Поскольку уже та книга — я позволю себе это напомнить — должна была быть неким «ответом», всего лишь ответом: ответом на непосредственность приглашения, равно как и на безотлагательность требования, но, кроме того, ответом и на очень старый вопрос. Хотя для всякой ответственности первичным является ее изначальное «да», тем не менее это «да» представляет собой не более чем ответ. Она всегда звучит как отклик на призрачный наказ: но в таком случае то место, из которого доносится приказ, не может быть определено ни как живое настоящее, ни как просто отсутствие — абсолютное отсутствие смерти.
Иными словами, ответственность этого ответа уже покинула почву философии как онтологии или онтологии как дискурса — дискурса действительности (бытия–присутствия), и теперь нам как раз и предстоит осмыслить это заново. Поскольку, как мы увидим, все обсуждаемые здесь проблемы в конечном счете связаны с вопросом, который представляется, на первый взгляд, абстрактным и спекулятивным, но который продолжает оставаться, как это говорили во Франции несколько десятилетий назад, «неизбежным»: вопросом «командных высот». Вот этот вопрос: что же именно в наследии Маркса является философией, принимающей форму онтологии}. Является ли политической философией то, что мы восприняли или еще сможем воспринять из наследия Маркса?

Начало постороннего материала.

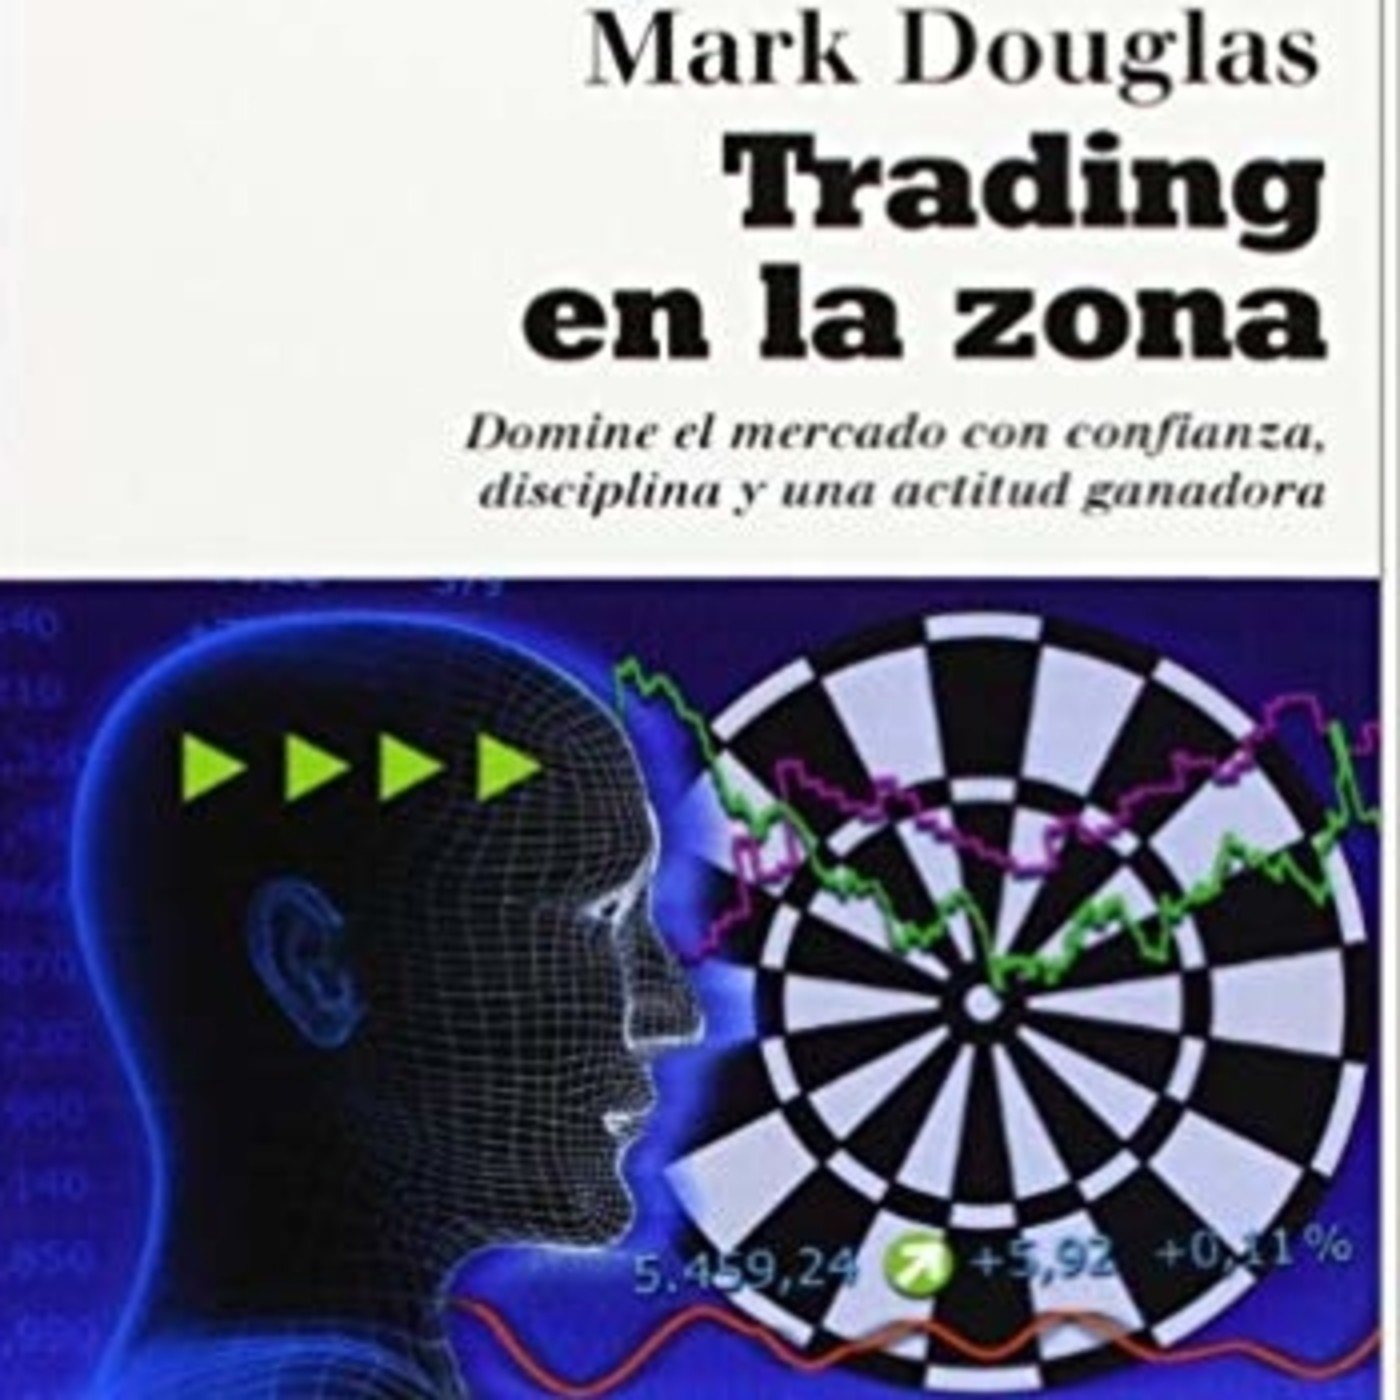 CAP 11 Trading en la Zona Mark Douglas Audiolibro completo libros para traders
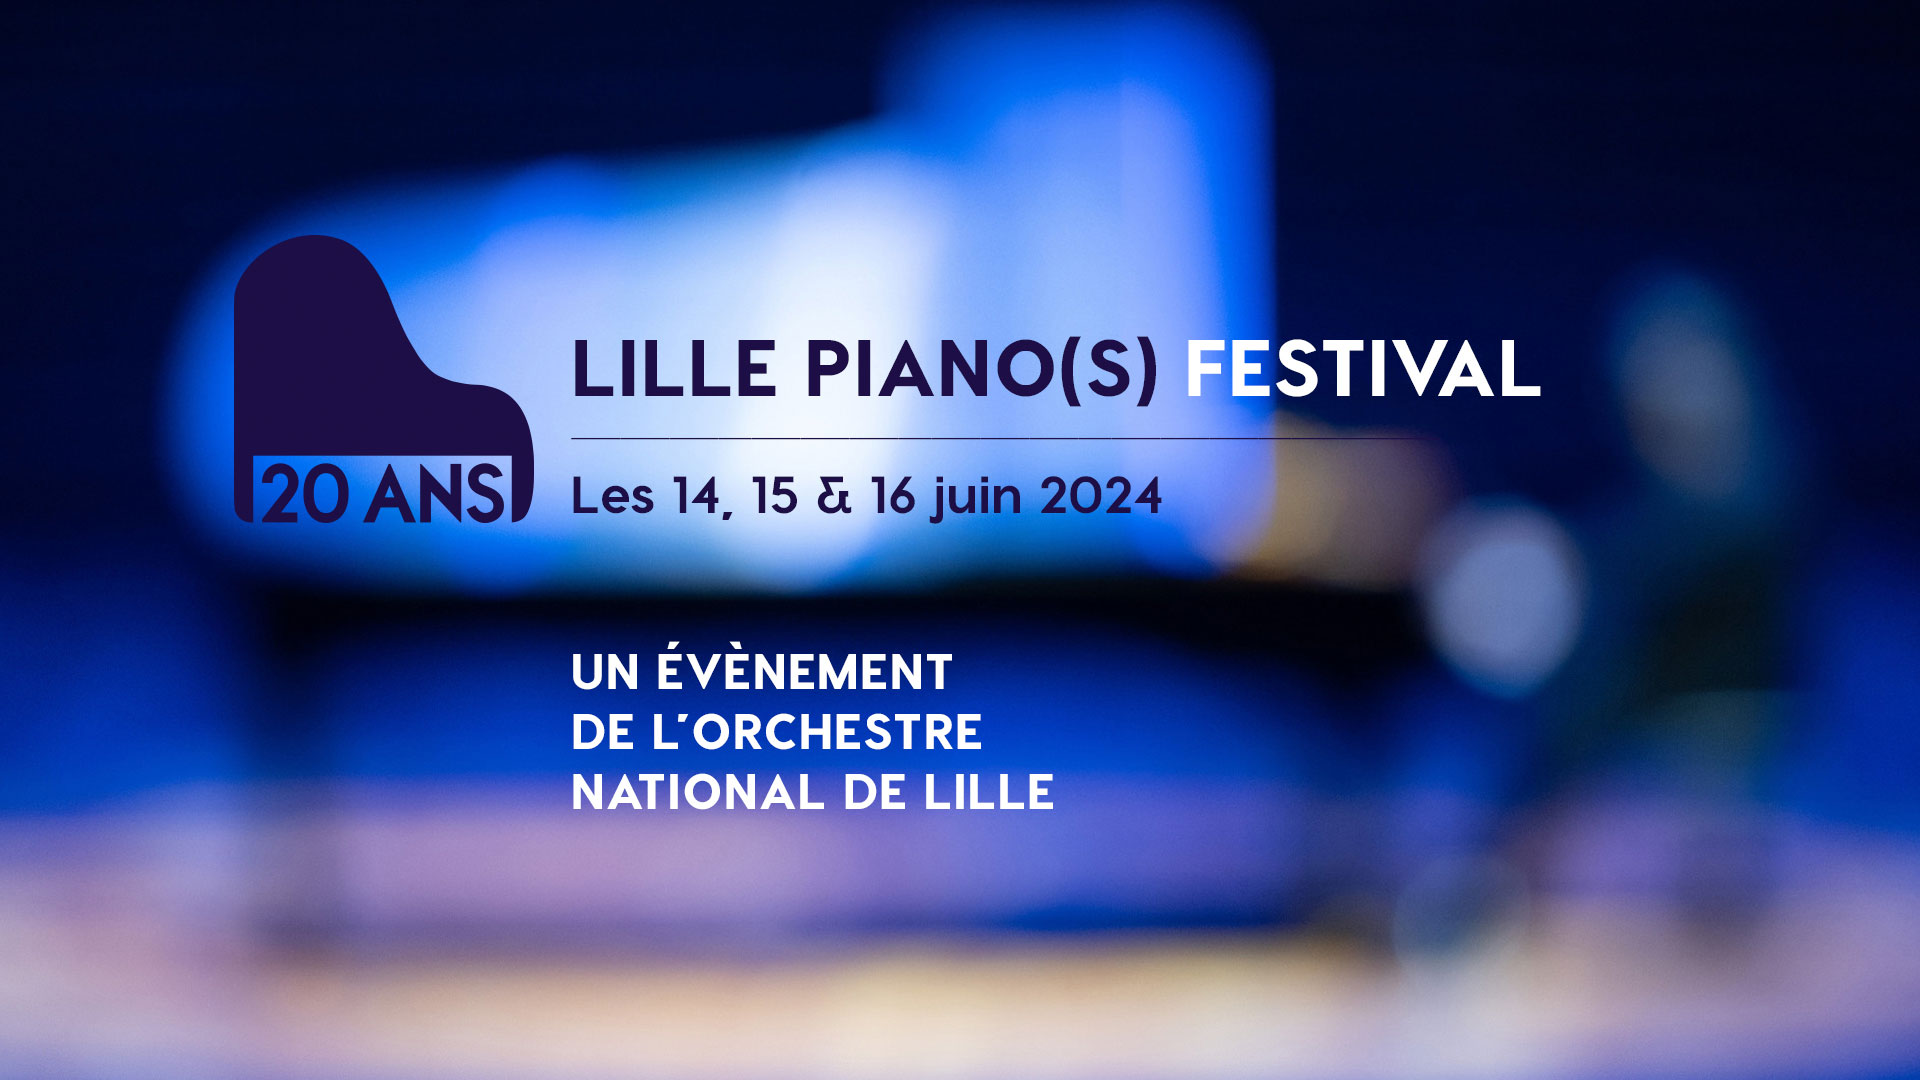 Lille Piano(s) Festival Vendredi 14, samedi 15, dimanche 16 juin 2024

Является ли это наследие политической философией, имеющей форму онтологии? И наконец: что нам делать с этим, на первый взгляд, абстрактным вопросом? Правомерен ли он? Можно ли его избежать? И почему все только что прочитанные тексты этой книги подводят к нему именно тогда, когда мы оказываемся в тех проблемных областях, которые называются «политикой», «политическим», «идеологией», «партией» или «классами», или же, когда речь заходит о грядущем (a–venir), — «революцией», «мессианством» или «утопией»?
Итак, в любом случае, независимо от того, будут ли мои ответы запоздалыми или преждевременными, мне не удастся совладать с их временной формой. Следовательно, можно было бы сказать, что я должен был предвидеть эту неудачу. И я мог предугадать возникновение этой анахронии. Но не является некая несвоевременность одновременно и темпоральностыо, и темой Призраков Маркса? Да, несомненно, я в какой–то мере предвидел то, что будет здесь происходить. Несомненно, я считал, что такой поворот неизбежен, с самого начала. Но я не осмелился уклониться, предпочитая, как говорят по–французски, пойти на риск провала. Я предпочел принять свое поражение, вместо того чтобы исчезнуть, когда настало время благодарить авторов этой книги. Поскольку именно это я и хочу здесь сделать прежде всего. Итак, в тот миг, когда они оказали мне честь, обратившись ко мне, адресовав мне свою критику, я предпочел предстать безоружным перед ними и их «речами», даже несмотря на то, что все, что я собирался им сказать, будучи не только недостаточным, но не вполне ясным и подчас безличным, должно было бы еще больше разочаровать — и даже, возможно, вызвать раздражение у тех, кто и так уже считал себя вправе быть раздраженным.
Короче, сейчас уже достаточно ясно: мне уже не удалось здесь «ответить», я не смогу этого сделать и, возможно, это не то место, где я мог бы это сделать, в силу ряда причин, на которых я бы сейчас хотел остановиться подробнее.